The usage of the cluster, compared to using disconnected private nodes, has additional advantages:
- The hosting, operation and support is given by the computer center.
- Access to thousands of cores (note the above restriction, however, on the number of cores that can be ran in parallel by a single user).
- Central software resources and licensing
- Physical hosting of the acquired nodes at the server farm, including:
- Location in the racks
- Dual power supply
- Dedicated air conditioning system
- Central UPS system
- Management services, system administration, installing software and upgrades
- Every research group gets a 2TB storage allocation in the central system [1]
- Information security services
- Networking services
- Monitoring and control services (incl. usage statistics).
Note: Zeus does not host equipment that is 7 years old or older.
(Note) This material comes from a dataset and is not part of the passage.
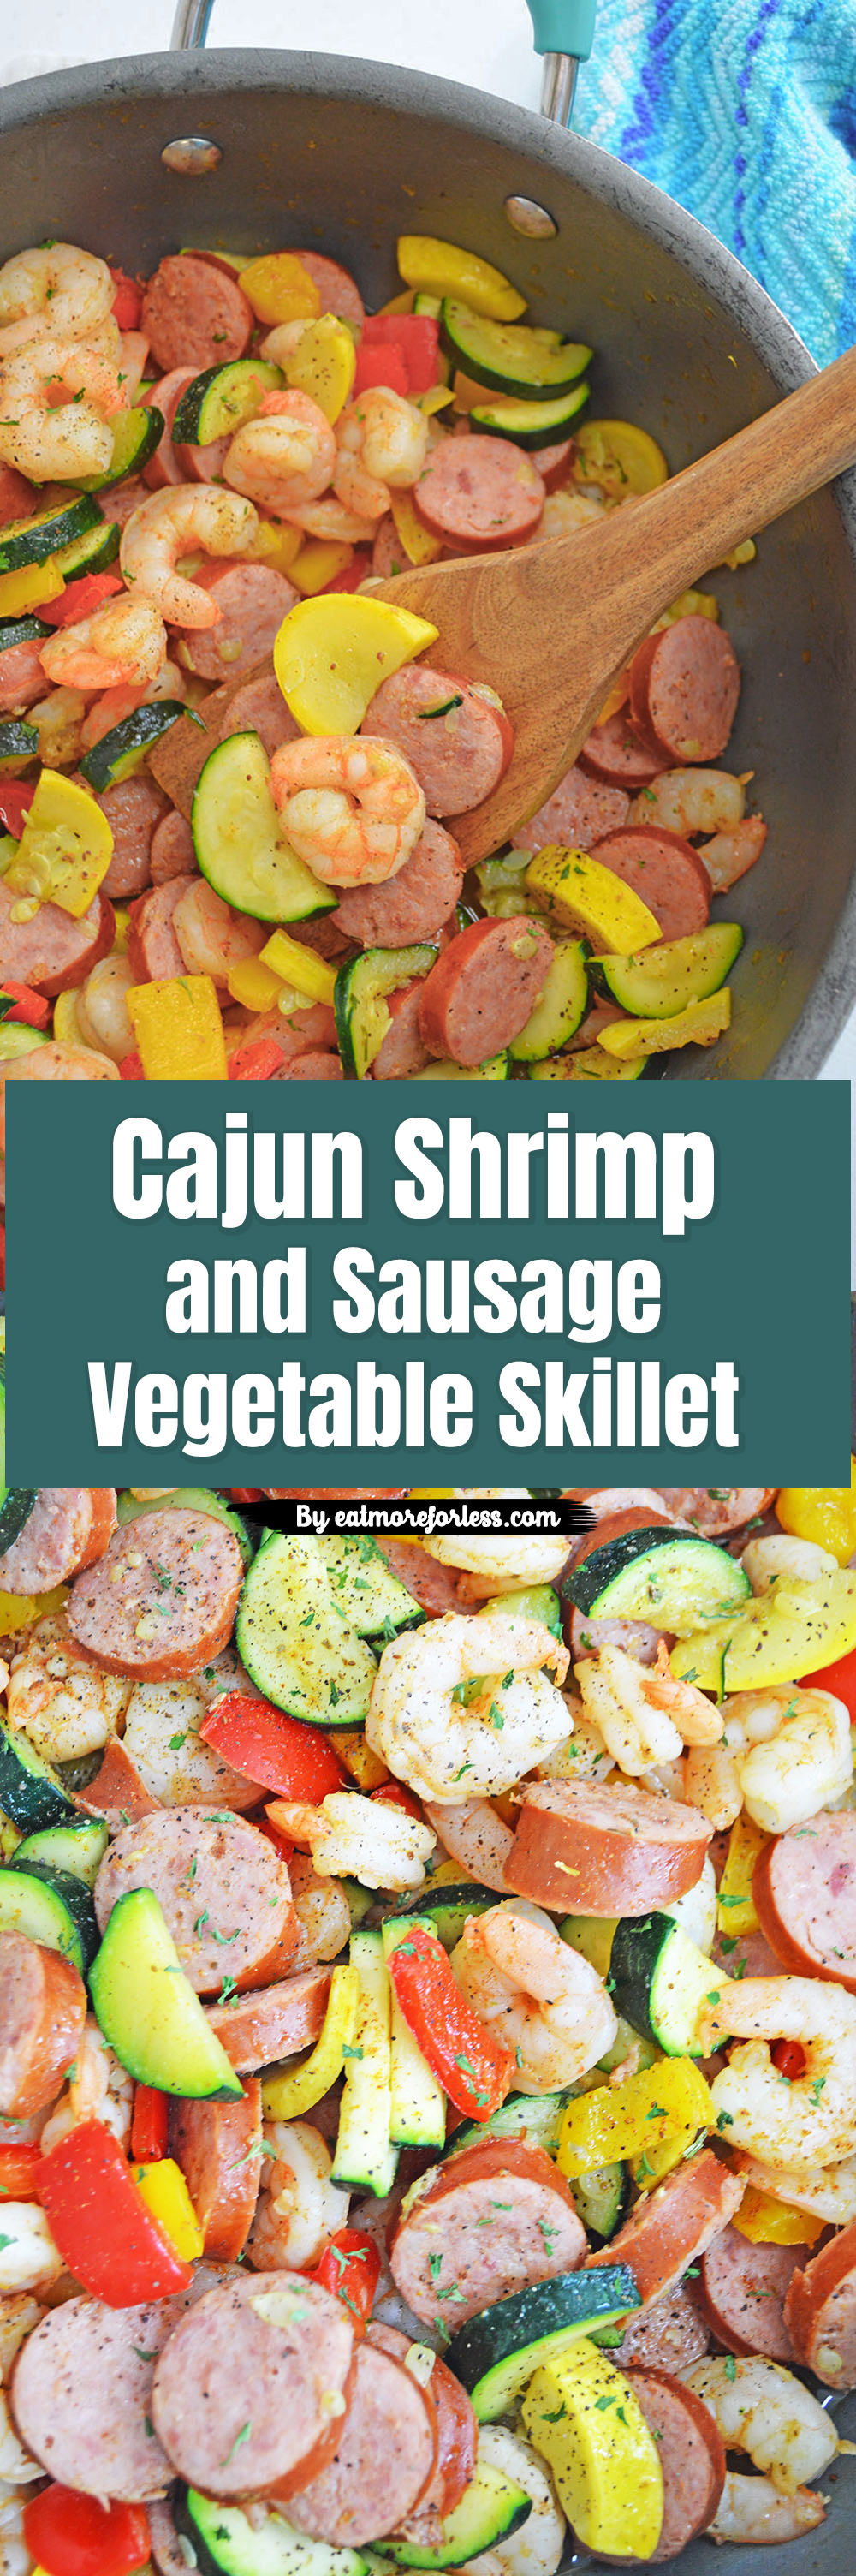 shrimp and sausage skillet

Old equipment will be removed and returned to its owner.
Configurations recommended by CIS
The following table lists the recommended CPU / memory configuration (note that many manufacturers / suppliers offer similar configurations).
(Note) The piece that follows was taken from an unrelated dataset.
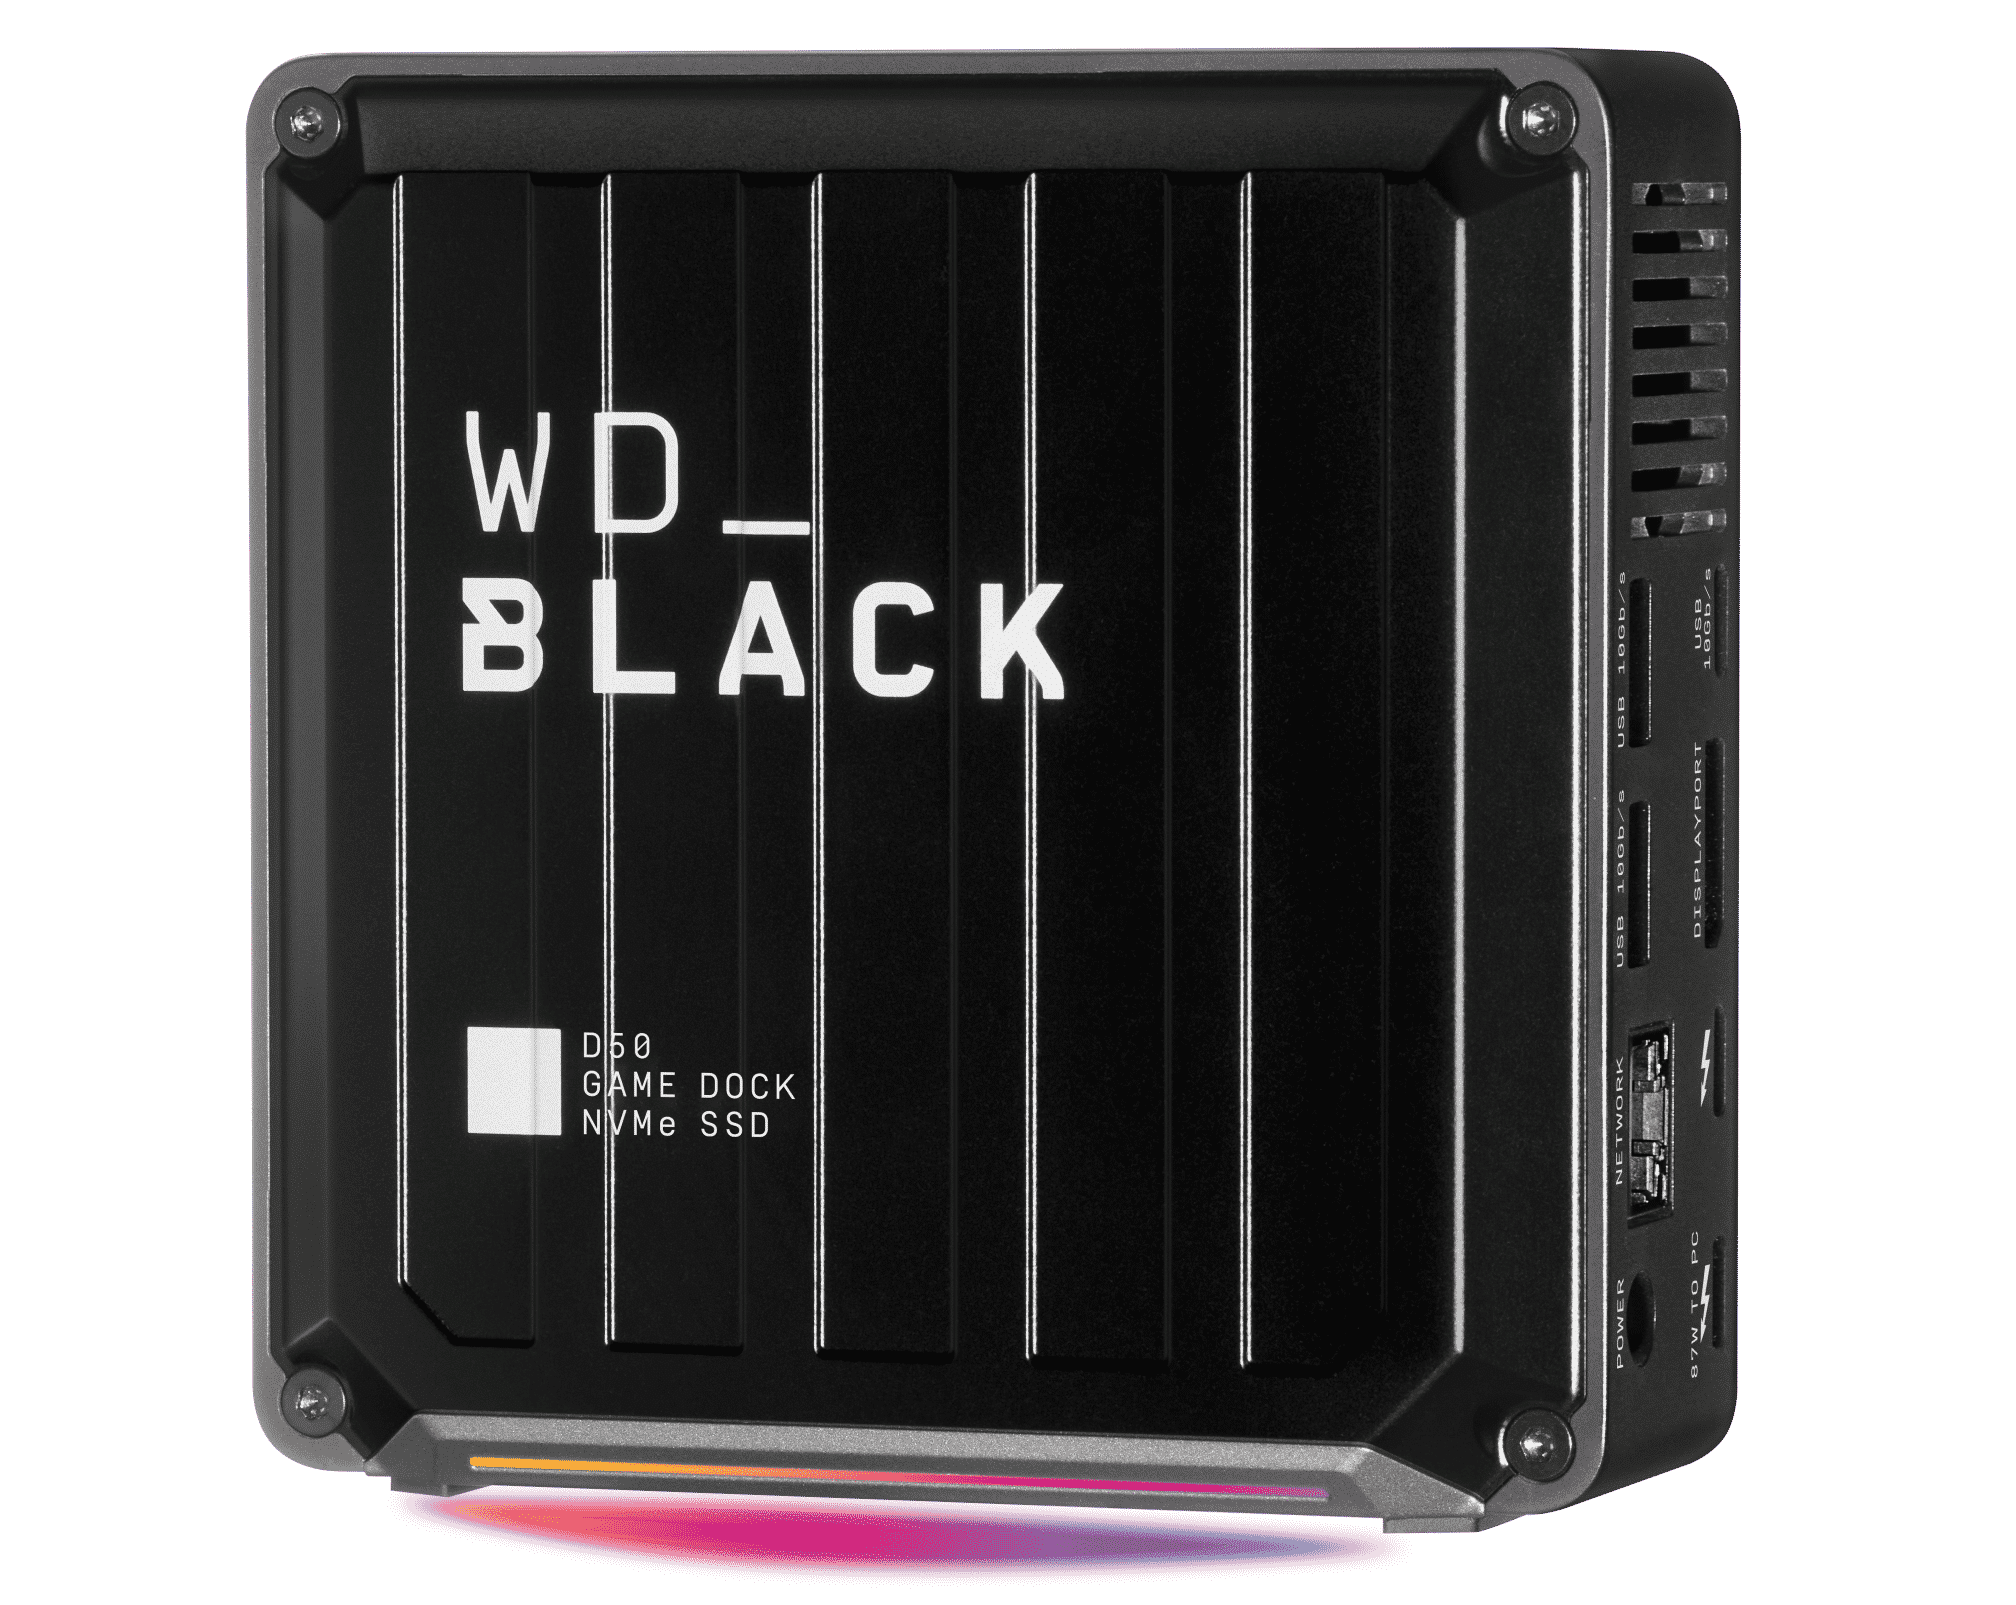 WD_BLACK D50 Game Dock NVMe SSD

Configuration name | CPU | Total RAM |
A | AMD EPYC 9554 3.1GHz 64-core | 768GB Memory DDR5 4800MHz |
B | AMD EPYC 9554 3.1GHz 64-core | 1,536GB Memory DDR5 4800MHz |
C | Xeon-Platinum 8580 2.0GHz 60-core | 1,024GB Memory DDR5 5600MHz |
D | Xeon-Platinum 8580 2.0GHz 60-core | 1,536GB Memory DDR5 5600MHz |
E | AMD EPYC 9654 2.4GHz 96-core | 1,536GB Memory DDR5 4800MHz |
The above configurations (A – E) also include the following components:
OS Disks: NVME SSD 480 GB M.2
Secondary Disk: NVME SSD 3.2T U.3
NIC: Ethernet 10Gb 2-port SFP+ and SFP RJ45 Transceiver *2, Ethernet 10/25Gb 4-port SFP28
IB/Ethernet-NIC: InfiniBand HDR100/Ethernet 100Gb 1-port
PS: 1600W Platinum Hot Plug Low Halogen Power Supply*2
Minimum settings for connecting existing equipment to the Zeus cluster
In order to connect an existing server to the Zeus cluster (and host it at the computer center), it must meet the following minimum requirements:
- Size (enclosure): it must fit into a 19 inch rack
- Power supply: it must include 2 independent power supplies
- Age: up to 3 years.
- Warranty: warranty and supplier service for a total of 5 years.
- Computing power: at least 40 physical cores and 320 GB of RAM memory.
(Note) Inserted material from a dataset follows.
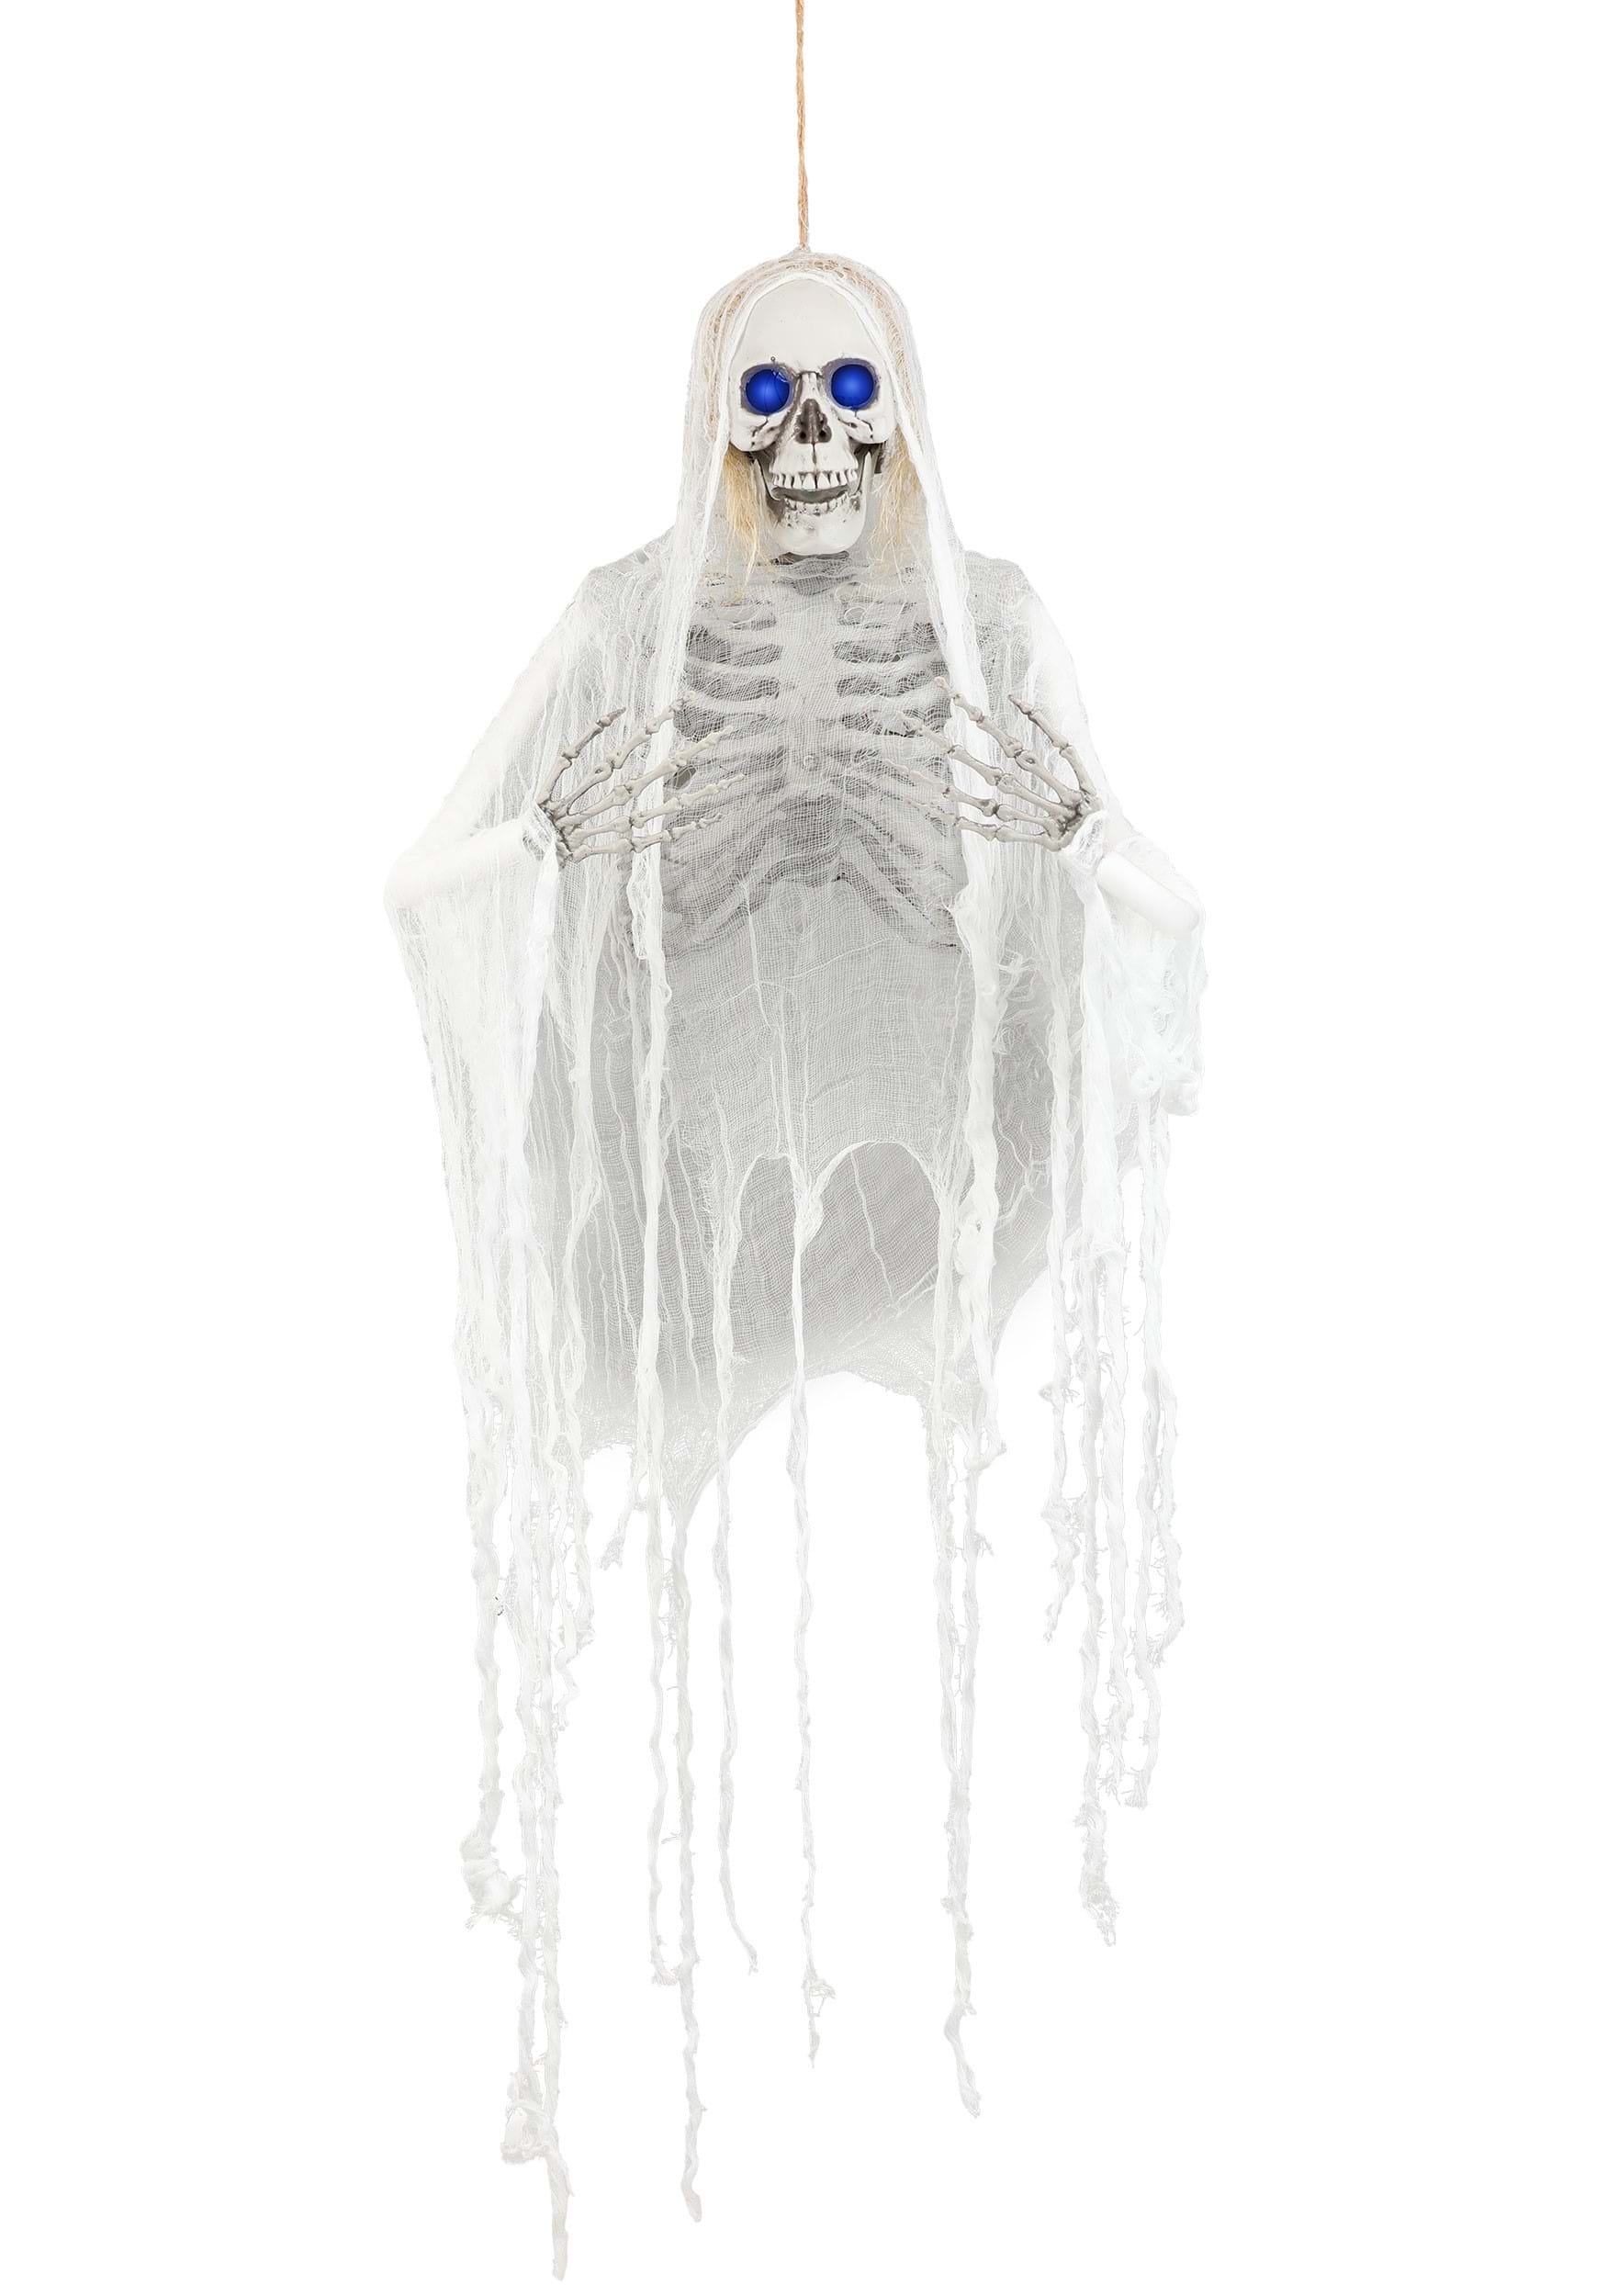 Hanging Light Up Skeleton With Blue Lights Halloween Decoration

- OS Disk: NVME SSD 480 GB M.2
- NIC: Ethernet 10Gb 2-port SFP+
There is also an option for ‘remote hosting’, i.e., the server is hosted in the faculty building. This is possible if the server is connected to a dedicated high-speed Ethernet switch in the faculty, which in turn is connected by fiber-optic to the computer center.
Software
Do not install software without proper licensing. If the software is not free and not already licensed to the Technion, the researcher will bear its cost.